Может быть лишь спорным, переживалась ли эпифания и повторение архе во время исполнения трагедии времен Эсхила или Софокла с той же непосредственностью, как в любом культе, из которого она возникла. Слишком она уже "искусство", слишком далеко, должно быть, распространился уже просветительский дух. И все же связь с культом еще присутствует, настроение Городских Дионисий владеет городом, когда исполняются трагедии; сам
202
Софокл, как было замечено, еще переживал эпифанию. Еще сохранена по меньшей мере идея мифического праздника, в котором присутствует бог или герой и воспроизводится его архе; еще не позволено, как будет позже, изыскивать всякие начала, которые, впрочем, все производны от мифа. Представление еще направлено исключительно на бога и не может быть сыграно при любом удобном случае. Так, можно согласиться с А. Боймлером и тогда, когда он пишет: "Словно освободившись от оков Земли, герои передвигаются по сцене медленно, серьезно и могущественно. Черты скрыты за страшной маской, актер выступает вперед. Торжественно и спокойно звучит его голос под маской. Греку времен Эсхила этот голос казался исходящим из могилы"343.
Соответствующее архе можно ясно распознать в отдельных кусках трагедии: темой "Прометея" является борьба между хтонической и олимпийской действительностью, равным образом относящаяся и к незапамятным временам, и постоянно современная; в "Орестее" — это ее постоянно обновляющийся гармонический исход. Также и "Трахинянки" включены в этот контекст. Драмы о героях, напротив, архетипично прославляют все время по-новому разрешаемый конфликт, в который человек попадает из-за разлада внутри нуминозного мира, конфликт, который дополнительно обостряется вмешательством нового индивидуалистического сознания.
Даже если трагедия обязана своим возникновением времени, в которое миф уже начинает блекнуть, даже если она представляет, быть может, последнюю грандиозную попытку устранить средствами искусства возникшие в мифе противоречия и его противопоставление растущему самосознанию человека, то она все же является для нас замечательным средством понимания структуры, значения и сущности мифического праздника и достижения наиболее ясного представления о нем. Но это удается лишь тогда, когда трагедию рассматривают не как изолированный феномен, а пытаются понять ее из ее происхождения, как вросшую в мифический мир мыслей, опыта и представлений, то есть так, как она была изображена в предшествующих главах нашей книги. Что под этим подразумевается, в наиболее сжатой форме выразил В. Гронбех, когда он говорит; "Предание, которое воспроизводит историю в ее течении, — реалистичный отчет о событиях, происходящих на сцене"344. "Слова тяжелы от образов, от полноты жизни"345.

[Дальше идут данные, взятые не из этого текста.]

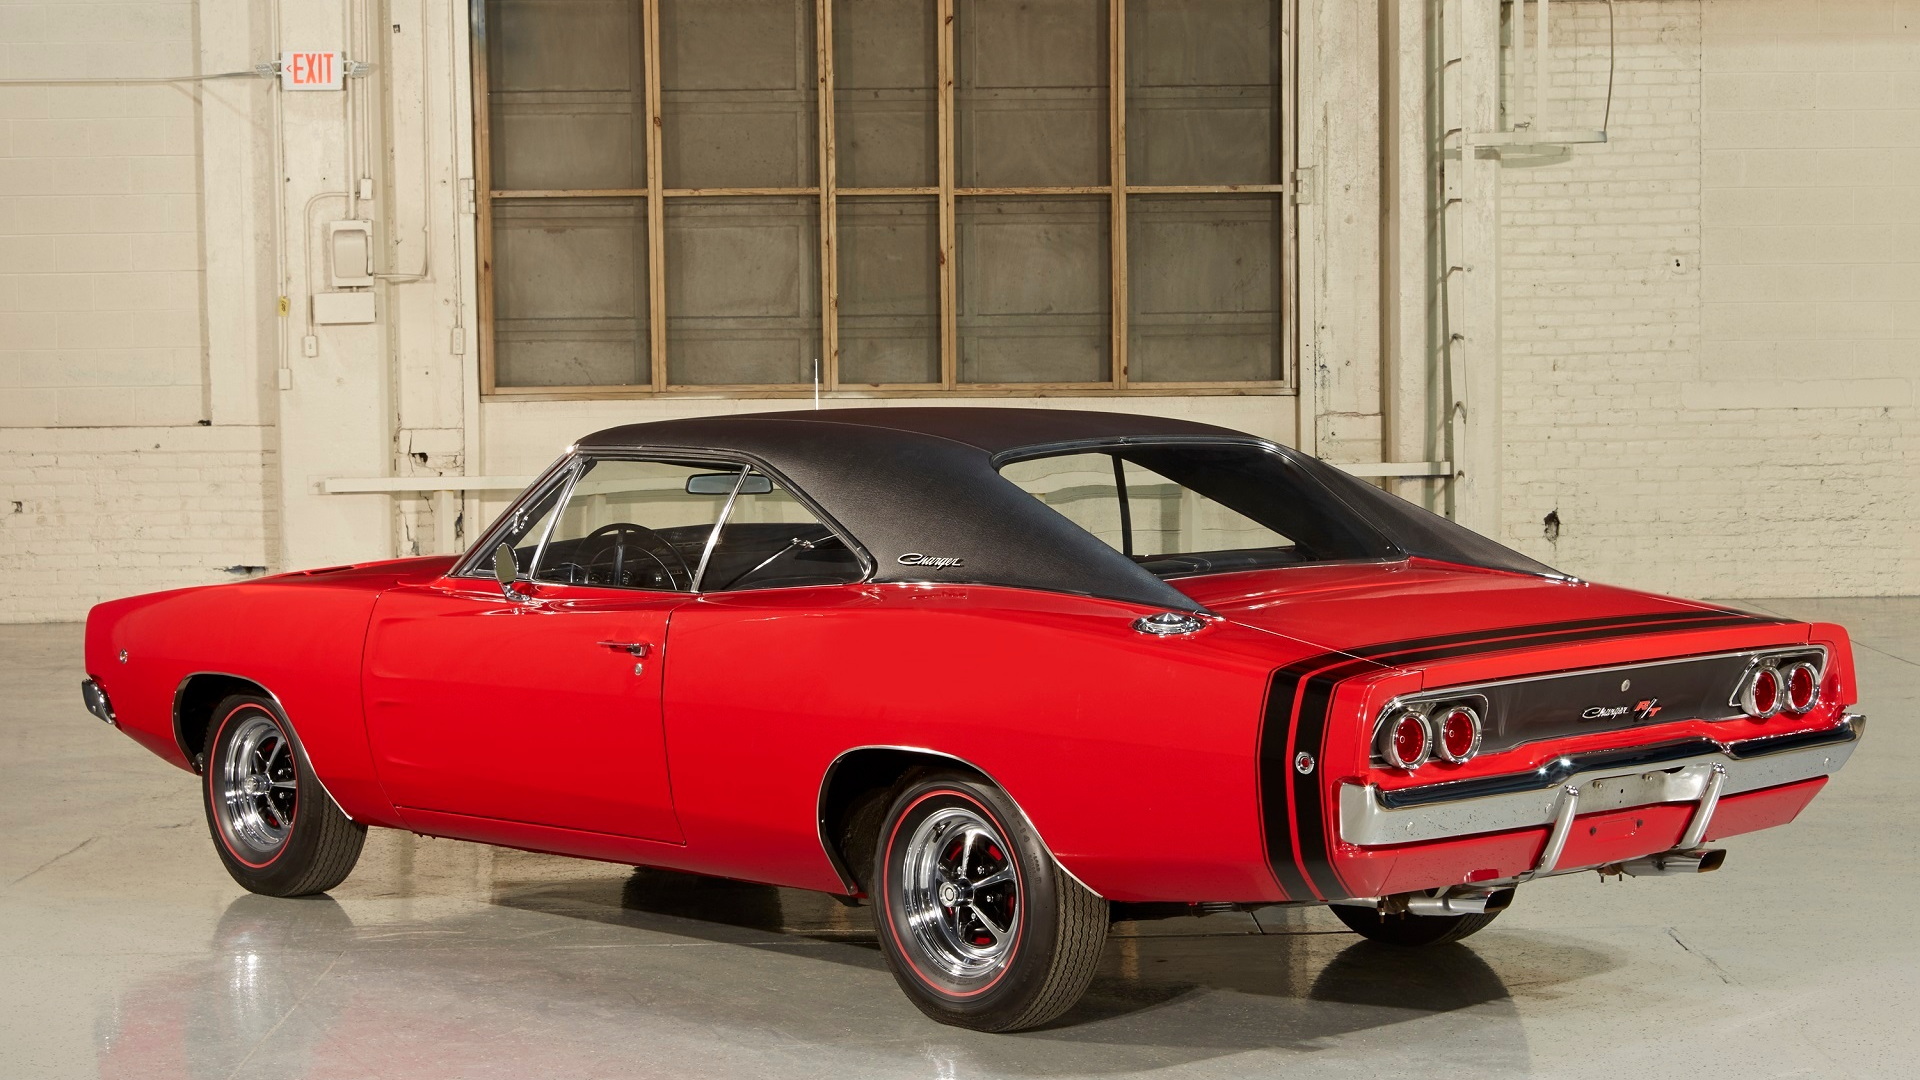 1968 Dodge Charger, Dodge Heritage Collection

е) Античные теории трагедии
Нетрудно подвергнуть сомнению предпринятое здесь толкование греческой трагедии как последнего дошедшего до нас в письменной форме выражения античного мифического духа, ссылаясь на то, что в античных теориях, посвященных трагедии, нет и намека на это. Разве не должны были философы, которые сами могли еще смотреть театральные представления, знать все это лучше, чем мы, сегодняшние, тем более что до нас и в самом
203
деле дошла лишь частица существовавших тогда текстов? Но дело в том, что в античных сочинениях не найти и попытки полемики с содержанием трагедии. Они посвящены либо ее чистой форме и ее чисто формальному отношению к истинности, либо психологическому воздействию, которое она производит на зрителей.
Одна из первых посвященных трагедии теорий, по-видимому, принадлежит Горгию (485—380 до н. э.). Мы можем познакомиться с ее основными идеями из литературной дискуссии, которую Аристофан заставил вести Эсхила и Еврипида в своей комедии "Лягушки", а также из некоторых фрагментов сочинений Горгия и его декламации о Елене346. Не считая некоторых, скорее формальных вопросов о взаимосвязи искусства стихосложения и музыки, эта теория, по-видимому, говорила прежде всего о том, что трагедия основана на обмане и иллюзии347, что она вызывает в зрителях дрожь348, страх349, сострадание350 и тоску351 и делает людей лучше352. Горгий при этом в истинно софистской манере выдвигает парадоксальное утверждение, что поэт как обманщик более прав, чем необманывающий, так как именно путем обмана достигается изменение людей к лучшему, к чему и следует стремиться; также и обманутый — мудрее, чем необманутый, потому что только в обманутом лекарство искусства может оказать свое воздействие в полной мере353.
Платон, как и Горгий, вообще не останавливается на содержании трагедии, напротив, для него с самого начала не имело никакого значения то, что ей не свойственна правда. Это, согласно Платону, прежде всего зависит не столько от того, что она основана на обмане и иллюзии, сколько от того, что она, как и вся поэзия и искусство вообще, есть подражание, точнее, имитация чувственного мира, который, в свою очередь, является имитацией подлинной реальности идей354. По этой причине Платон в конце концов приходи! к совершенно иной оценке трагедии, чем Горгий: она не только не имеет никакой чувственной ценности, но даже вредна для людей. Искусство, которое не предлагает ничего большего, чем имитацию имитации, будет лишь отвлекать того, кто ищет в нем сомнительного удовлетворения, от подлинного и наиважнейшего: от исследования и созерцания идей. Опасность эта усиливается, когда от поэзии исходит особенное очарование35-*. Хотя она вызывае; сзрах и сострадание356, но в них, как и в других пробуждаемых ею чувствах, Платон видит скорее воспитание жалостливости и бесхарактерности357. Поэтому трагедия — это нечто пригодное лишь для женщин, детей и рабов358.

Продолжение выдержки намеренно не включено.